Pedestrian Intention Prediction for Autonomous Driving

Pedestrian Intention Prediction for Autonomous Driving

Naveed Riad will defended his PhD thesis on May 26, 2026.

What is the thesis about?

Artificial Intelligence has become a cornerstone of intelligent transportation systems (ITS), where anticipating human behavior has a direct impact on road safety. Pedestrian intention prediction (PIP), which determines whether a pedestrian will cross in front of an ego-vehicle, is a critical task that enables autonomous systems to perform proactive and safe maneuvers.
However, progress in PIP has been hindered by three persistent challenges: the scarcity of diverse labeled datasets, the dependence on costly manual labeling, and the complexity of multi-modal approaches that limit real-time deployment.

To address dataset scarcity, this thesis introduces PedSynth, a CARLA based synthetic dataset providing diverse crossing (C) and non-crossing (NC) scenarios that complement real-world datasets such as JAAD and PIE. Building on this, we propose PedGNN, a lightweight graph-based recurrent model that leverages pedestrian skeleton sequences for crossing prediction, optimized for onboard deployment with fast inference and minimal memory footprint.

To overcome manual labeling bottlenecks, we propose S2R-UDA-CP, a synth-to-real unsupervised domain adaptation procedure that combines a synthetic dataset (PedSynth) with an untrained PedGNN to automatically generate C/NC labels for real-world videos. Evaluations with state-of-the-art models like ST-CrossingPose and PedGraph+ show that training on these automatic labels yields performance comparable to human-labeled data, while revealing insights into labeling practices.

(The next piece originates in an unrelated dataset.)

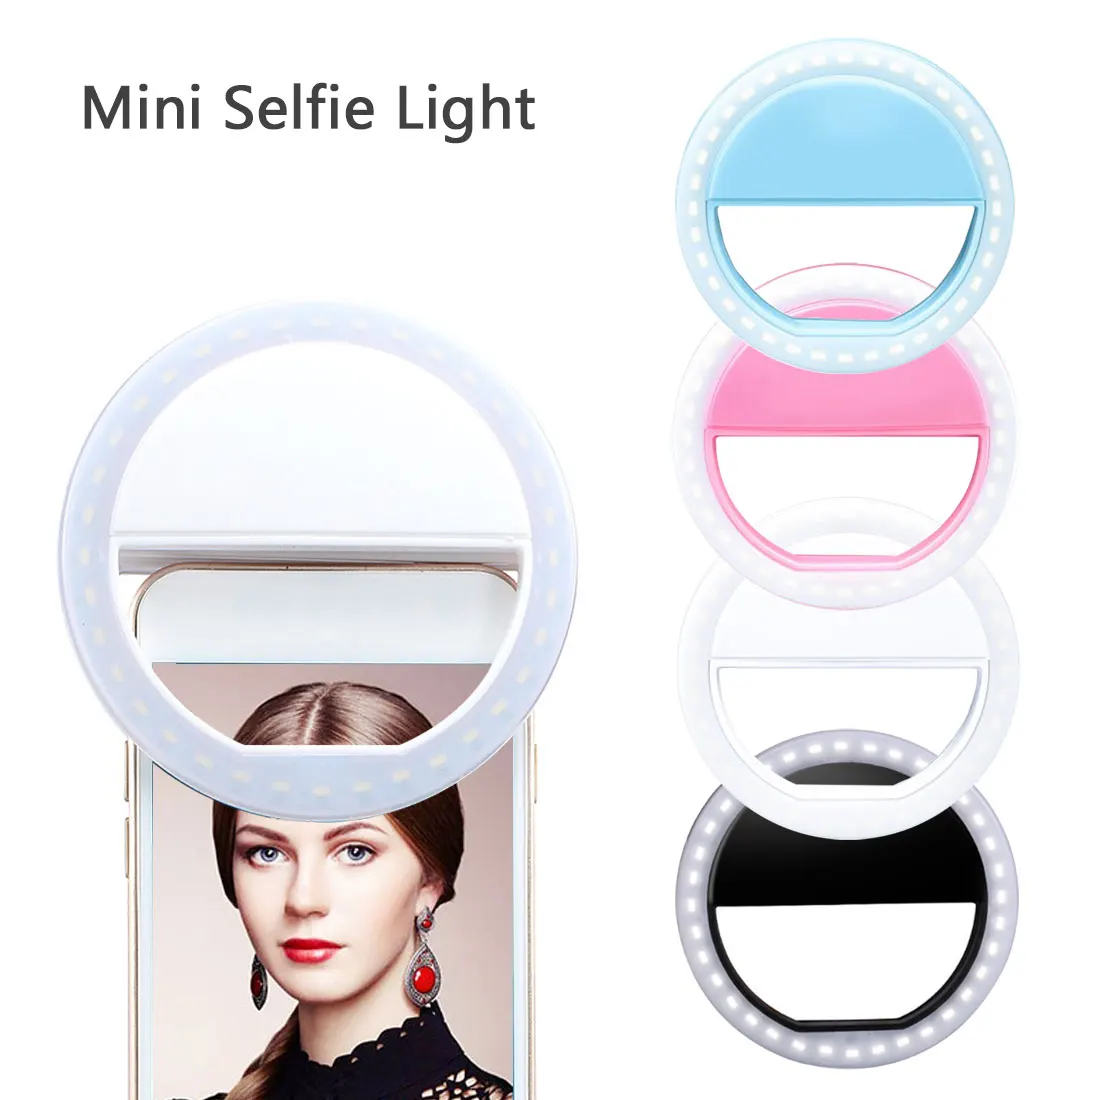 

Selfie LED Ring Fill Light Portable Mobile Phone 36 LEDS Selfie Lamp 3 Levels Lighting Luminous Ring Clip For All Cell Phones

Finally, to reduce model complexity, we develop PedGT, a graph-based transformer that combines GCNs for spatial reasoning with transformer encoders for temporal modeling, operating solely on skeleton keypoints and bounding box centers. PedGT achieves state-of-the-art F1-score and recall on PIE and JAAD, and within S2R-UDA-CP attains the highest accuracy with superior training stability. Together, these contributions pave the way for accurate, robust, and real-time PIP systems, strengthening the safety of autonomous driving and ADAS.

Keywords

Intelligent transportation systems (ITS), Vision-based autonomous driving, pedestrian intention prediction, Graph Neural Networks
(GNN), Transformer Models, Synthetic Dataset Generation, Intelligent Transportation Systems (ITS)